Le matin quand on arrive au siège du Sud Ouest à Saint Jean de Luz, je discute avec mes collègues : conférence de rédaction. Durant la journée je prends des rendez-vous et je me rends sur des lieux divers. Le soir quand je rentre au siège, je rédige mes articles pour ensuite les envoyer aux alentours de 22h à Bordeaux où se déroule l'impression des journaux. Très tôt le matin, ils partent de Bordeaux et sont distribués.
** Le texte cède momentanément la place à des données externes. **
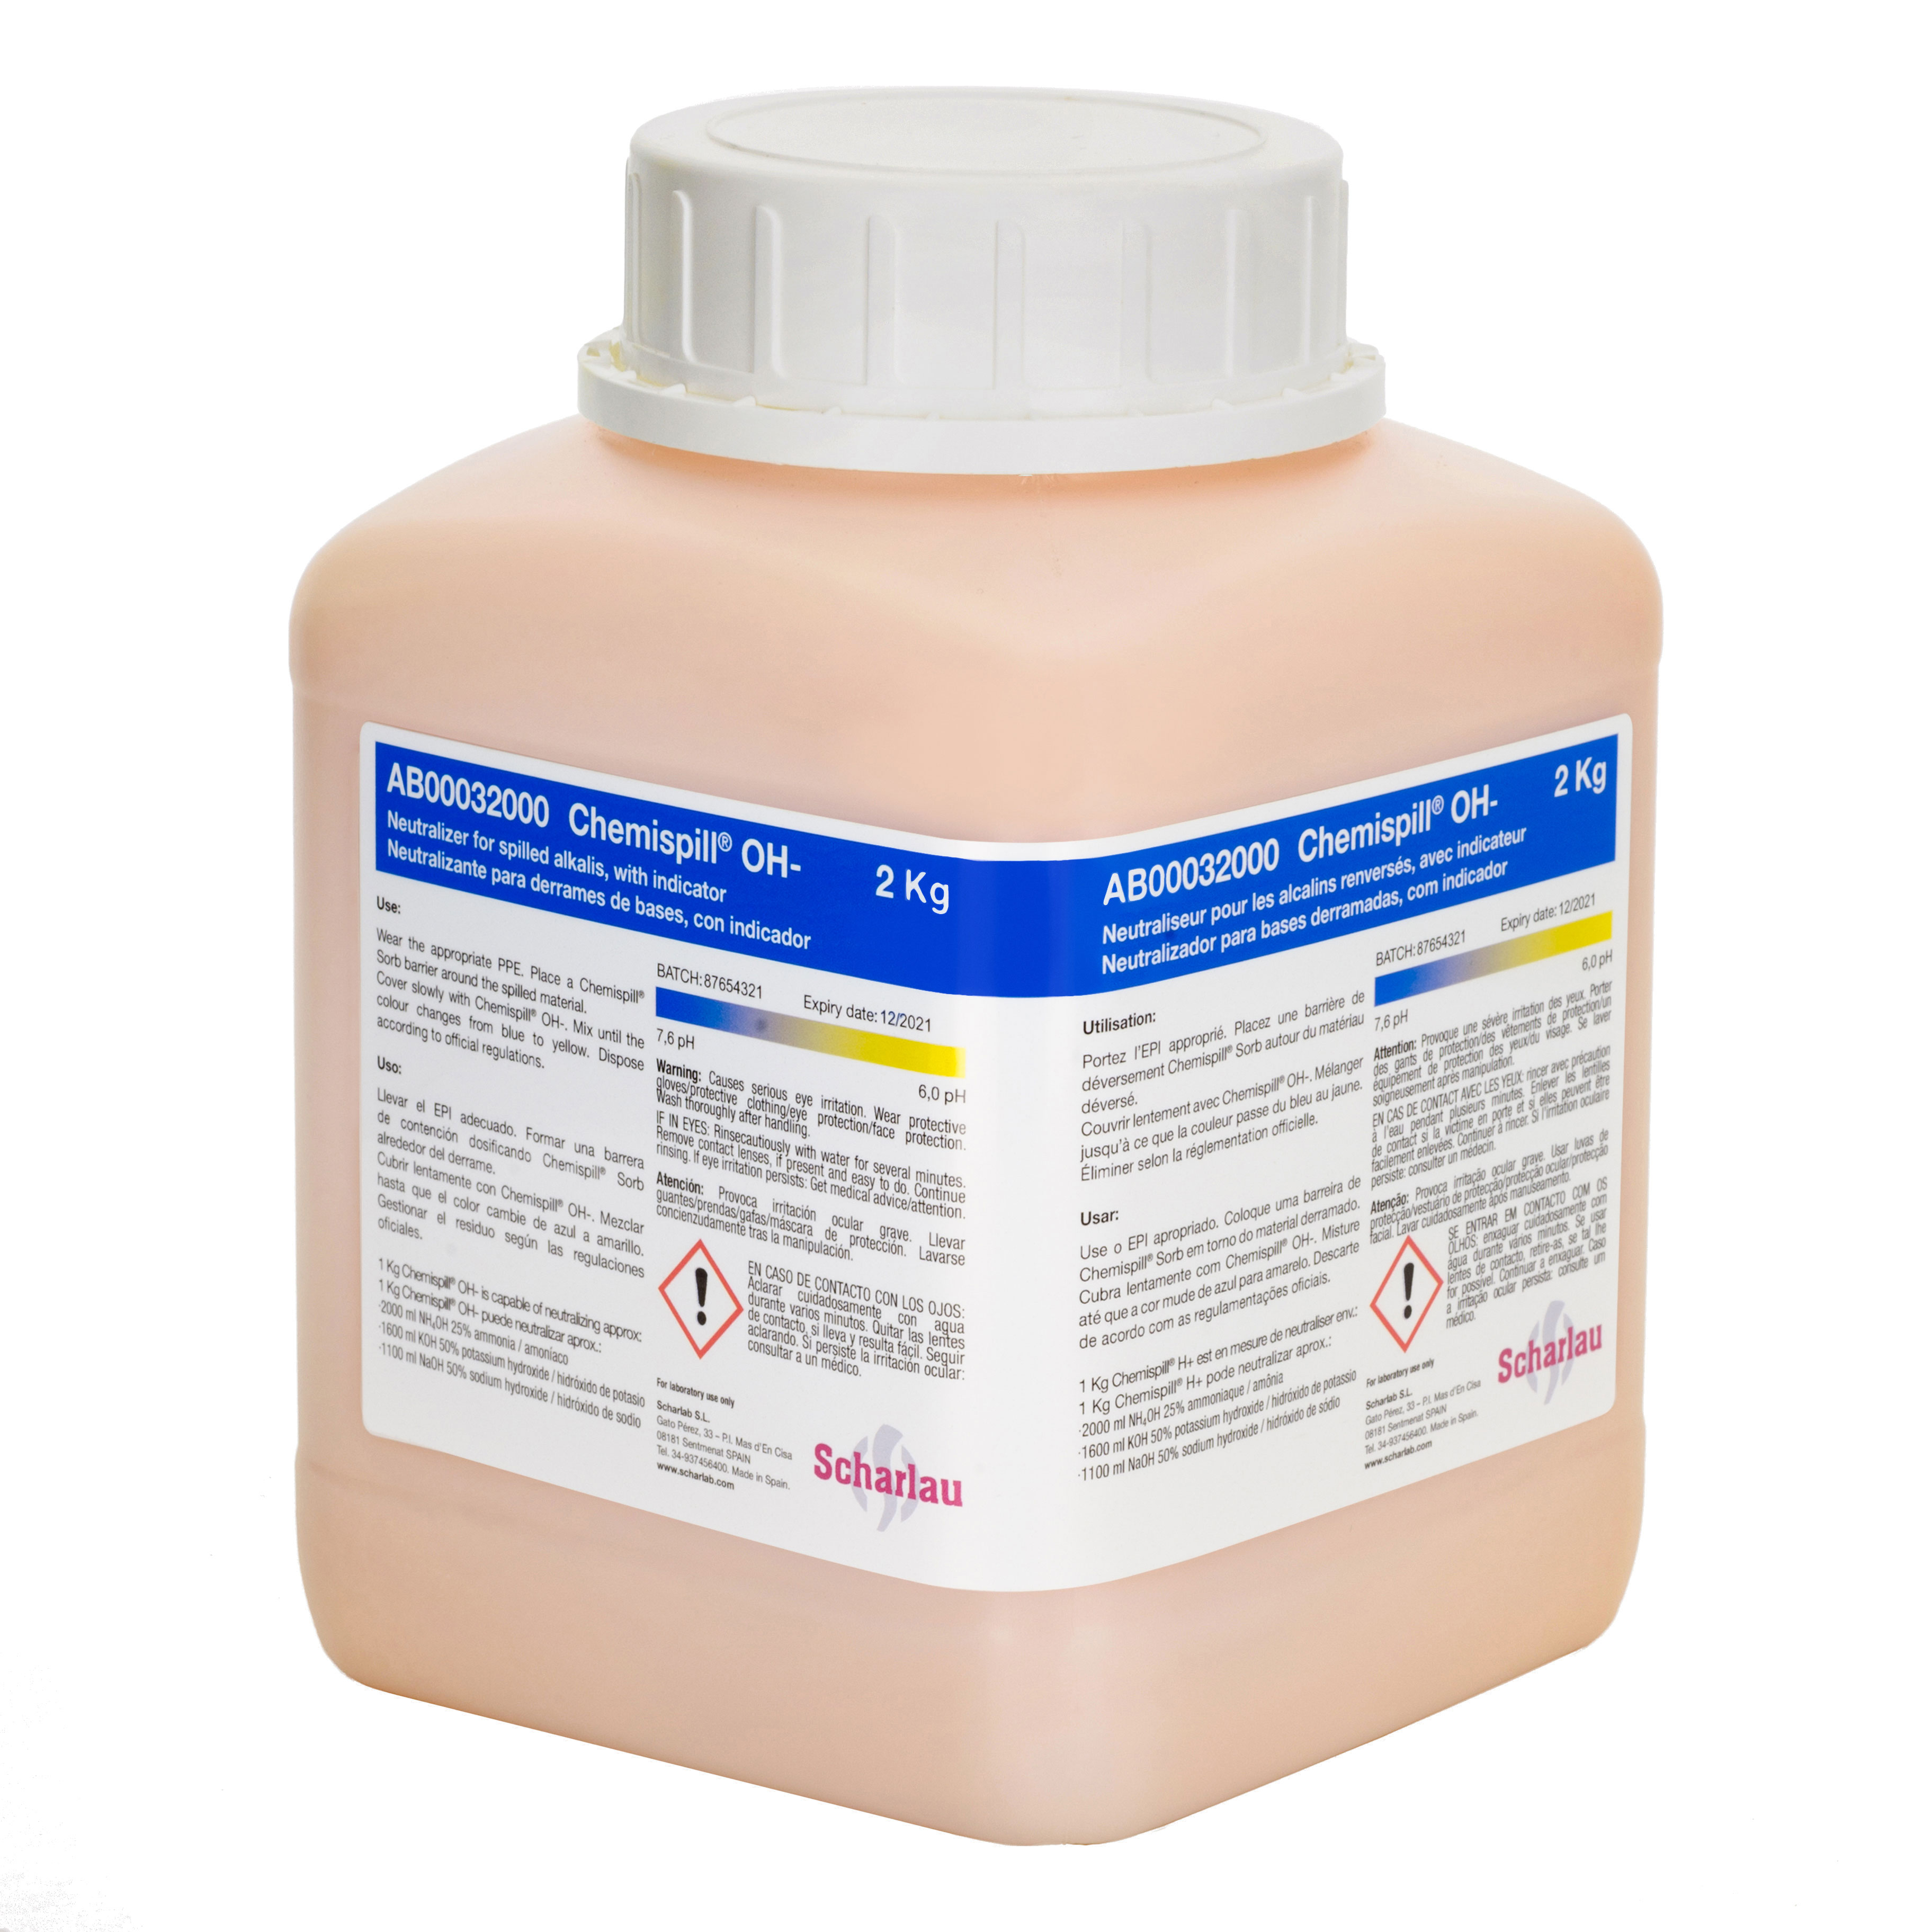 Chemispill® OH-, absorbente y neutralizante para derrames de bases, con indicador

Comment se compose le jounal Sud Ouest ?
Le journal se compose de deux parties : une partie rouge qui est la même dans tous les journaux du Sud Ouest et une autre partie bleue qui regroupe tout le Pays Basque.
Dites-vous toujours la vérité dans vos articles ?
Dans mes articles, j'essaye de me rapprocher au plus près de la vérité, mais parfois cela est difficile car les gens ne comprennent pas toujours bien ce que j'écris. Je fais au mieux pour être le plus sincère possible. Dans le journal on ne peut pas tout écrire car certaines personnes nous demandent de rester dans la confidentialité.
La presse écrite est-elle touchée par la crise ?
Oui, le journal est énormément touché par la crise car aujourd'hui les gens ne vont plus acheter le journal dans les commerces, ils ont directement accès aux informations par Internet, la télévision ou bien la radio, pour les journalistes c'est une concurrence.